In 2010, a 22-year-old college student named Evan was browsing an online tech forum when he stumbled upon a post about something called “Bitcoin.” It was a new form of digital currency, created by a mysterious figure named Satoshi Nakamoto. Intrigued by the idea of a decentralized currency free from government control, Evan decided to give it a shot. Back then, Bitcoin wasn’t worth much—just a few cents per coin—but he was curious about the technology.

Evan decided to purchase 20,000 Bitcoins, which cost him around $100 at the time. He stored them on his hard drive and, like many early adopters, forgot about them for a while, not thinking much of their future value.

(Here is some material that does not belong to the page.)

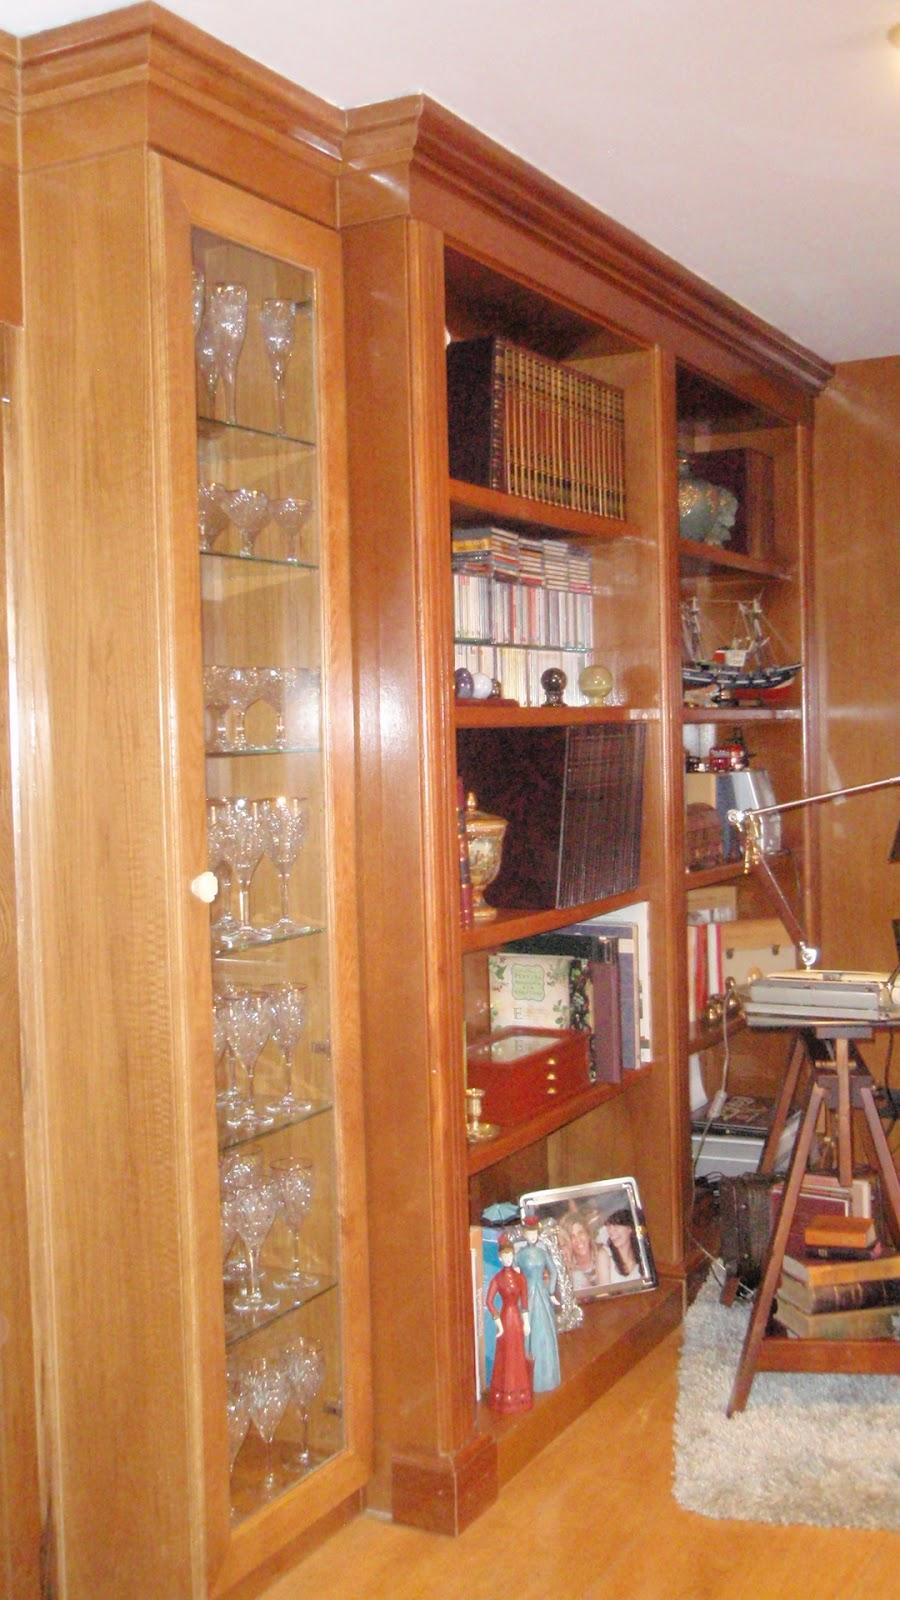 Estanter a de madera empotrada pared completa carpinter a y restauraci n de muebles a medida - Estanterias de madera a medida ...

Years later, in 2017, as Bitcoin's price skyrocketed, Evan remembered his stash. However, there was one big problem—he couldn’t find the hard drive. It had been tossed during a routine cleanup! What was once a small investment had turned into a fortune, but now it was lost forever.

As Bitcoin’s value continued to soar, reaching highs of nearly $20,000 per coin at one point, Evan realized the true magnitude of his loss. If he still had those 20,000 Bitcoins, they would be worth hundreds of millions of dollars—an unimaginable sum.

Despite the heartache, Evan learned a valuable lesson about the importance of keeping track of investments, no matter how small they might seem at the time. What started as a curious experiment turned into a $50 million mistake that will go down in crypto history.

It’s a reminder that hindsight is 20/20, and sometimes the smallest decisions can have the biggest consequences.